Tuesday, December 11, 2007, 11:45 AM - Audio coding
Until now, Ogg/Theora and Ogg/Vorbis were included within the HTML 5 recommendation as a feature that "should" be supported:

"User agents should support Ogg Theora video and Ogg Vorbis audio, as well as the Ogg container format."

Nokia just issued a position paper about it, recommending for a removal of this part from the HTML 5 draft, until further clarifications. This caused a lot of noise, with several people questioning this move.

While I agree that there are some strange points within Nokia's position paper, I also have to agree on the fact that W3C should not substitute itself over ISO, ITU, or SMPTE regarding Audio and Video coding standards, and that neither Vorbis or Theora can really be considered to be some standards at this point.

For sure, the current Vorbis specs would probably not be accepted by the usual standardization bodies. Most of the issues would be easily solved, but that is, to me, a demonstration of the usefulness of ISO/ITU/SMPTE standardization processes.

As I'm not fluent with the Theora specs, I'm just going to have a quick look at current Vorbis specifications issues:

*Is the current spec a draft or a final document?

Right now, it's mentioned to be 0.8, without any mention of "freezing" date.
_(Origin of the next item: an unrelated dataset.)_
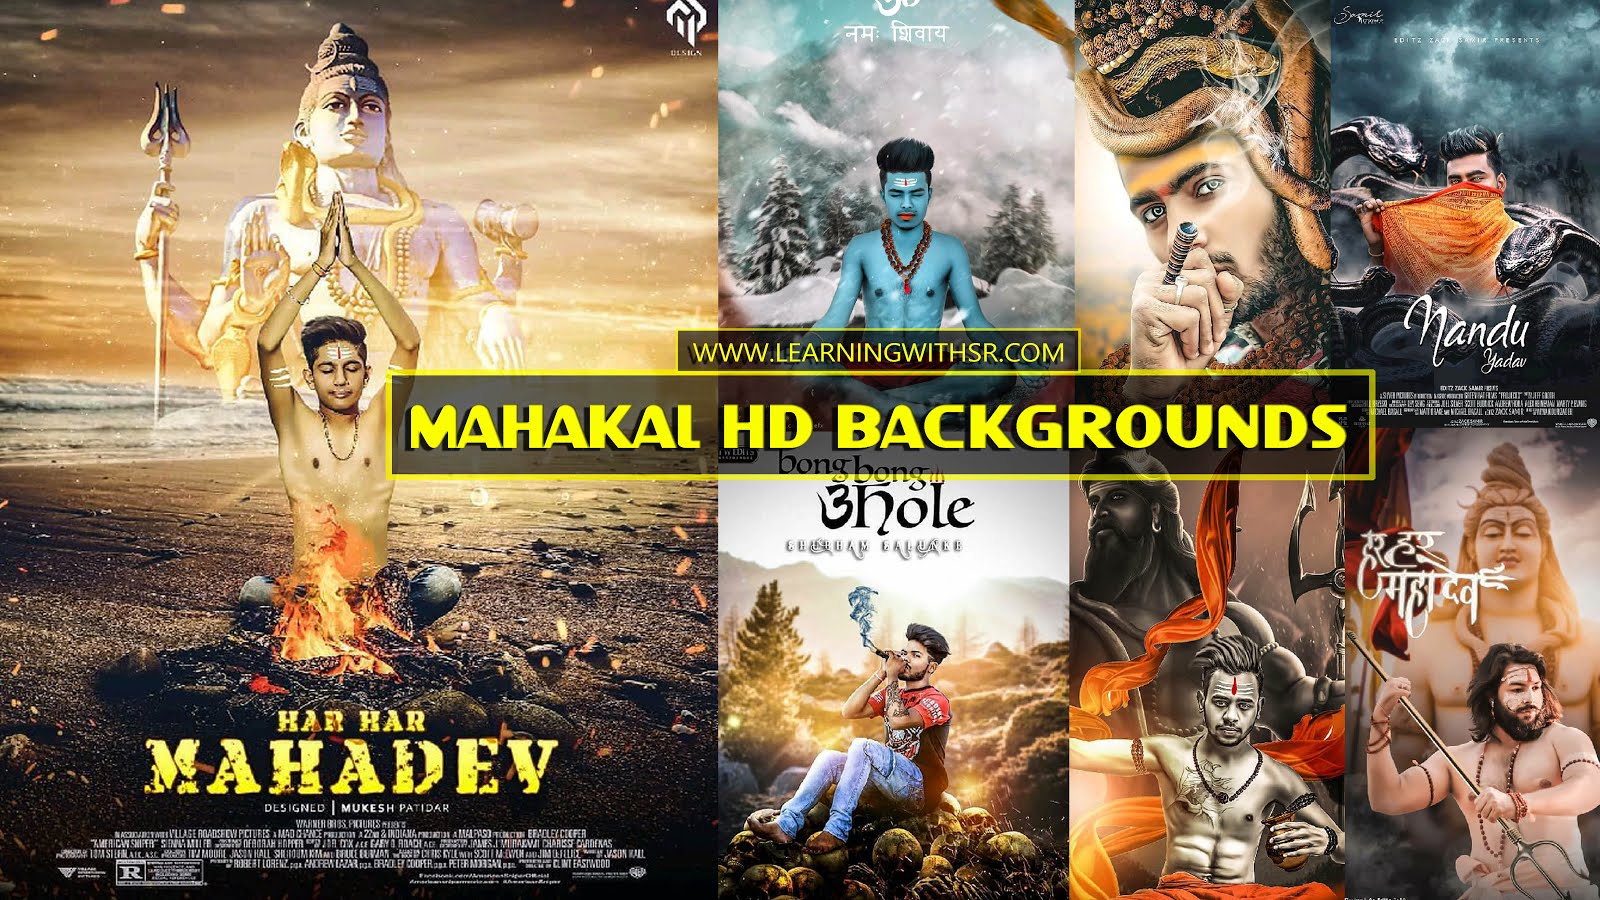 Maha shivratri editing background  Mahadev editing background  MAHAKAL  BACKGROUNDS

It's very likely to be a final document, but why isn't it mentioned anywhere?


*Lack of proper external references.

Granted, this is a very minor issue, but why is there no consistent mention of external references? In section "1.3.2.3. Window shape decode" there is a proper reference to an external paper, but section 7.1 is referring to Bresenham’s algorithm, without any external reference. Any reader interested in Vorbis spec is very likely to be aware of this algorithm, but this is just an example of a place where external references should be added.


*Lack of profiles

A few things within the Vorbis specs can be problematic for implementation within heavily constrained environments. This could be solved by having profiles within the specs, and is acknowledged by section "1.1.6. Hardware Profile".
The problem is that this hardware profile is not actually defined within the standard.


*Codebook transmission

Vorbis mandates the use of custom codebooks, which have to be transmitted as side information in a way or another. That is a great flexibility, but in the real world, most cases could happily be covered by a standard set of codebooks. Having a base profile with fixed codebooks would allow to store those in ROM instead of RAM, which could be of great value for some embedded devices.


*MDCT window size

According to Vorbis specs, a stream must feature two different windows sizes, which is a usual feature for such an audio format. The problem is that the sizes can be 64, 128, 256, 512, 1024, 2048, 4096 or 8192 samples, instead of only 2 fixed sizes. That is an additional complexity that is mostly unneeded, versus having only 2 sizes, which would ease code optimizations, and would not go up to the 8192 size that could sometimes be stressful regarding memory use (and memory transfers).
Once again, this issue should be taken care of by defining some profiles.


*The two types of floor curves

As defined by section 4.2.4.3, Vorbis allows two different kind floor curves. However, only 1 of those is really used by all the current Vorbis encoders. Why not just keeping one, and eventually put the other type within an "extended" profile?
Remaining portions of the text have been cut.